Physical Fitness is a cornerstone to any well trained, effective military in the world. Physical Training (PT), prepares our riflemen for the physical challenges of fulfilling their objective in a wide range of activities in numerous environments, be it work, home, school, or ultimately, in the military.  The first hour of our weekly meetings is devoted to PT. Our PT program has a mix of calisthenics, body weight exercises (pushups, sit-ups, etc), and cardiovascular training, normally a one to two mile run. Occasionally, we will conduct “Combat PT”, which is designed to simulate the rigorous conditions  a modern soldier will face while deployed. Last but not least, we build self confidence and self defense skills with our “Combatives” course. This course is our own mix of US Army self defense, Royce Gracie Brazilian Jiu-Jitsu, Krav Maga, and any other relevant martial art.  After a regimen of PT, riflemen are required to pass the final portion, a Physical Fitness test, based on the APFT (Army Physical Fitness Test).

 

 

 

 

 

Follow this Program to improve your Push ups.
Follow this Program to improve your Sit ups.
Follow This Running Program for beginners.
Follow this Program to improve your pull ups.

Body by Brenden Shannon

Sample 1

10 mintues of Stretching/Warm up

2 minutes of the front plank

75 Flutter kicks; 50 sit ups; 25 crunches (repeat this whole thing twice)

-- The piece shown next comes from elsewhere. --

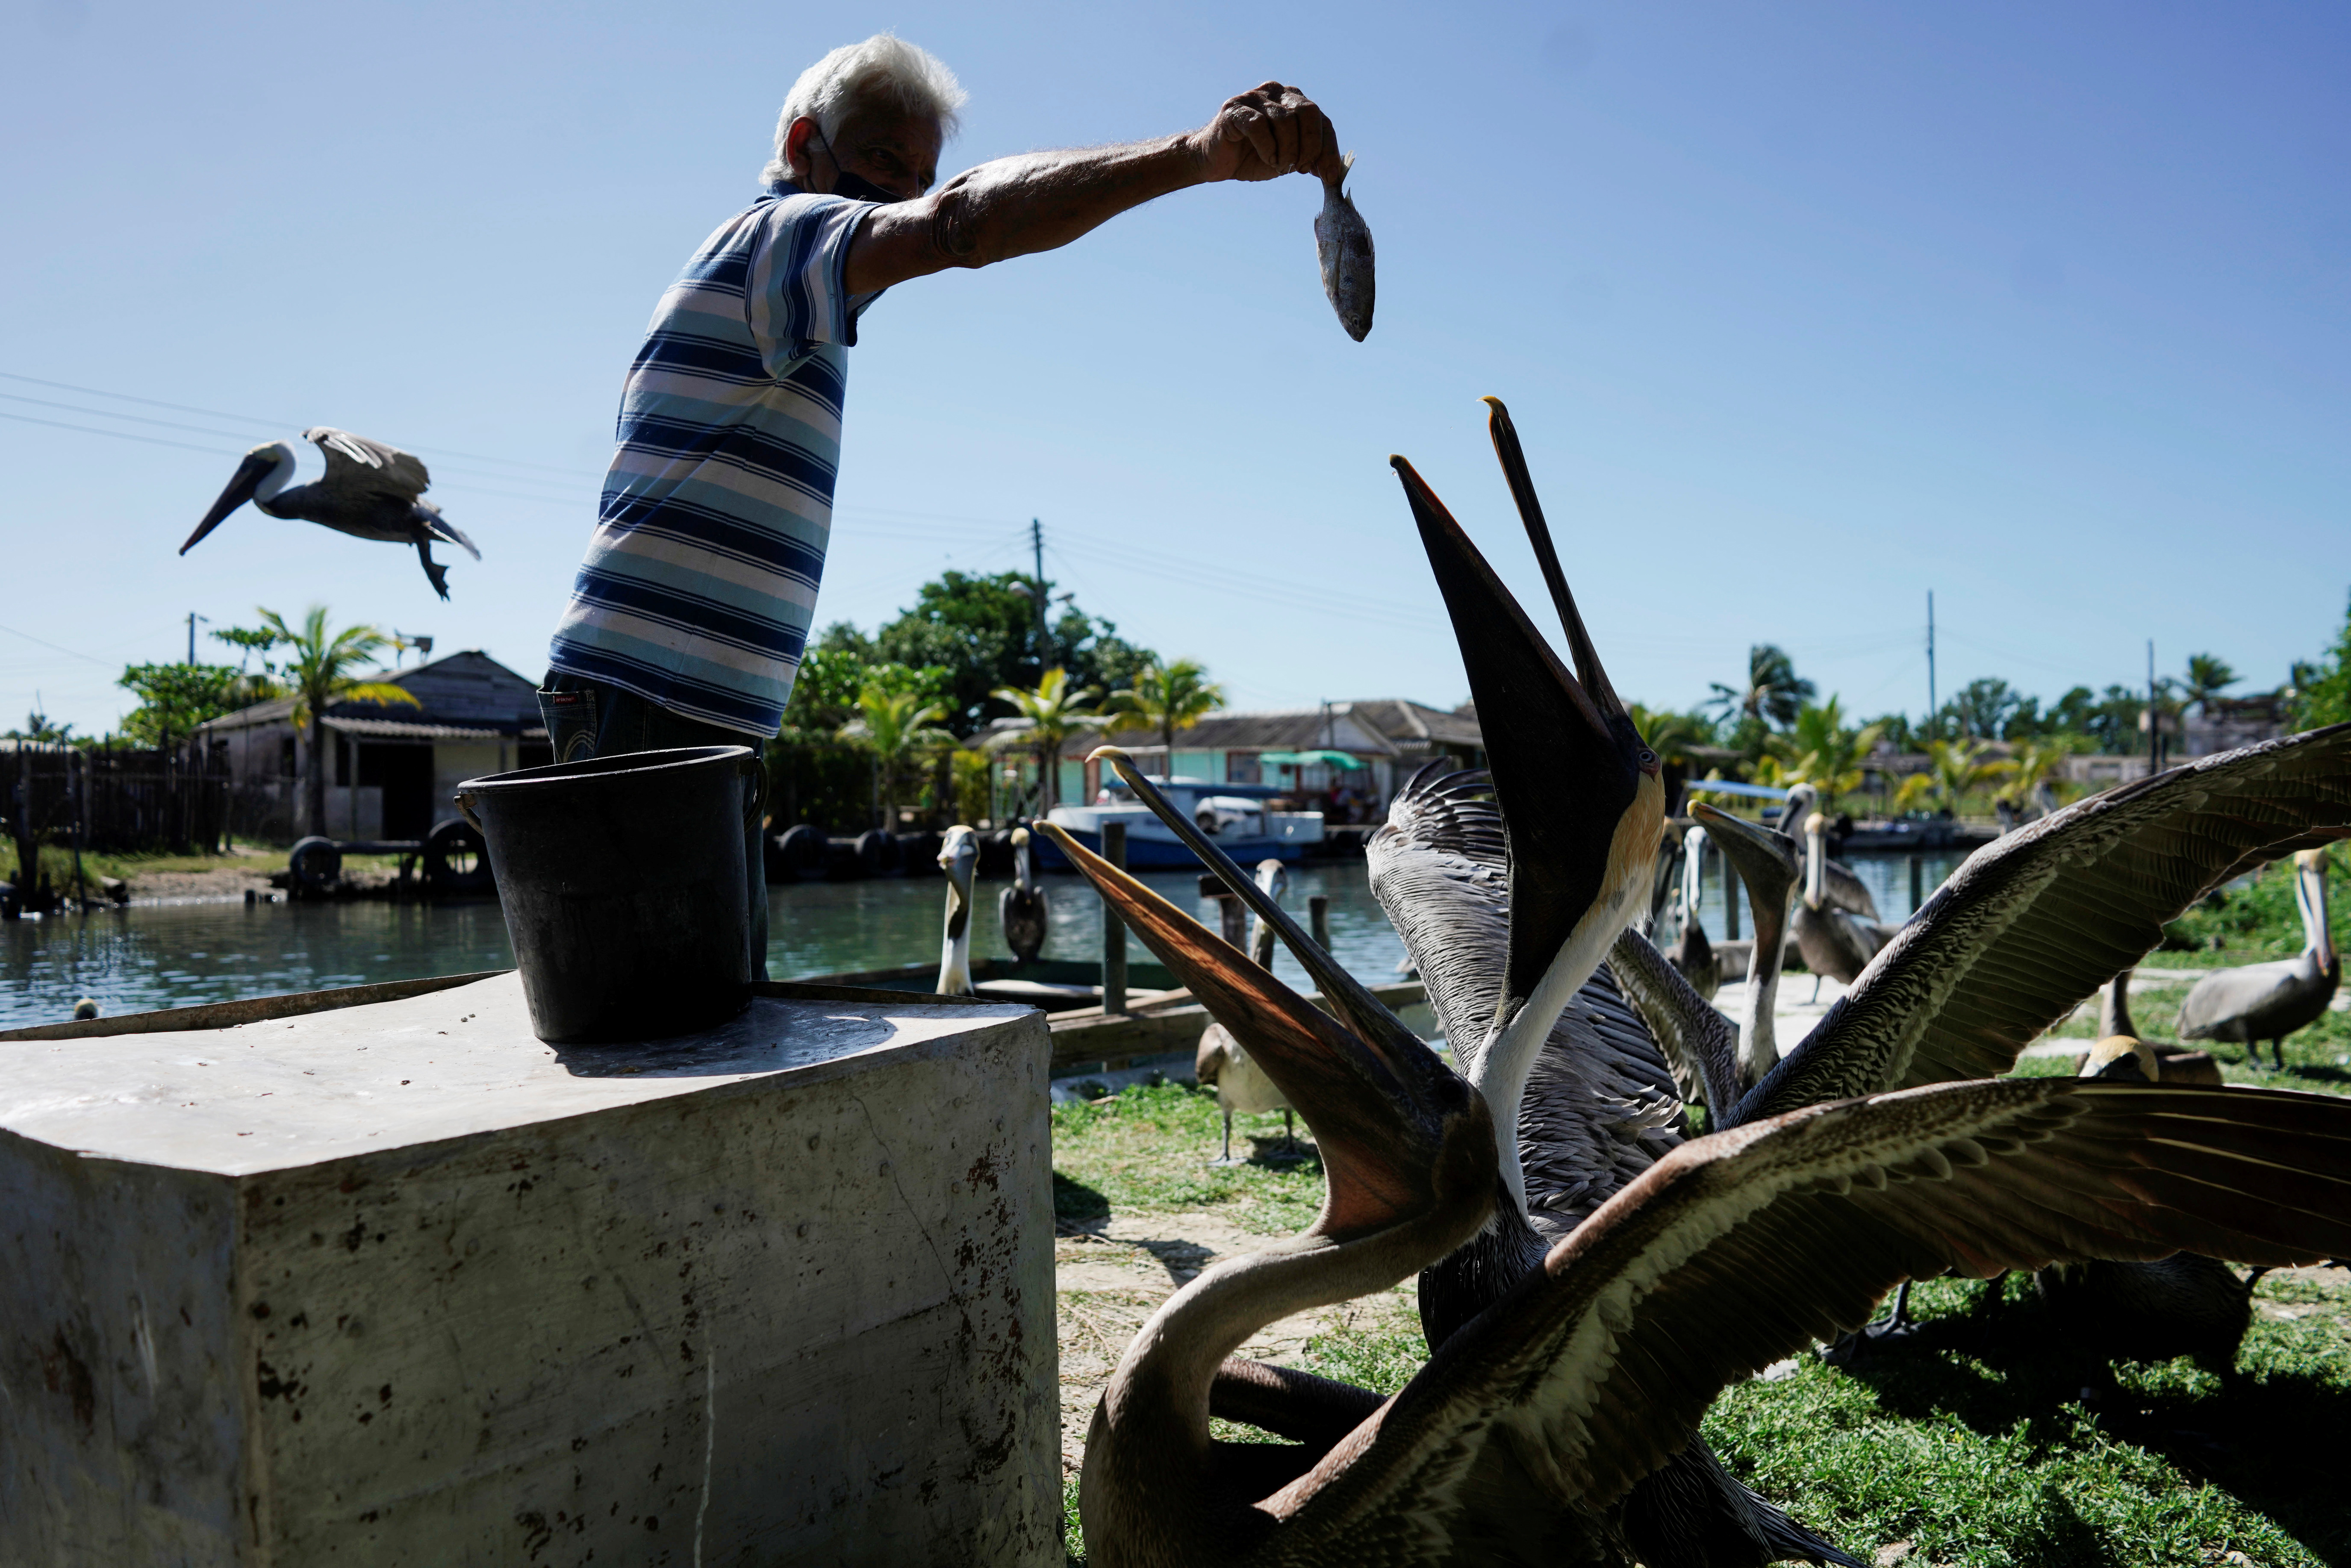 Leonardo Carrillo feeds pelicans in his garden in Guanimar, Cuba

2 minutes of push ups (they may rest, but not touch the floor throughout the duration). x2

10x 8-count pushups

1 min per side of the Side Plank

Cool Down/Stretching

Sample 2

10 mintues of Stretching/Warm up

2 minutes of Front Plank

2 minutes Side Plank per side

3 mile run

Cool Down/Stretching

Sample 3

10 minutes Stretching/Warm up

30 pull ups (they may take breaks but they want to do this in the shortest amount of time possible)

4 minutes of Grass Drills (Front, Back, Go’s)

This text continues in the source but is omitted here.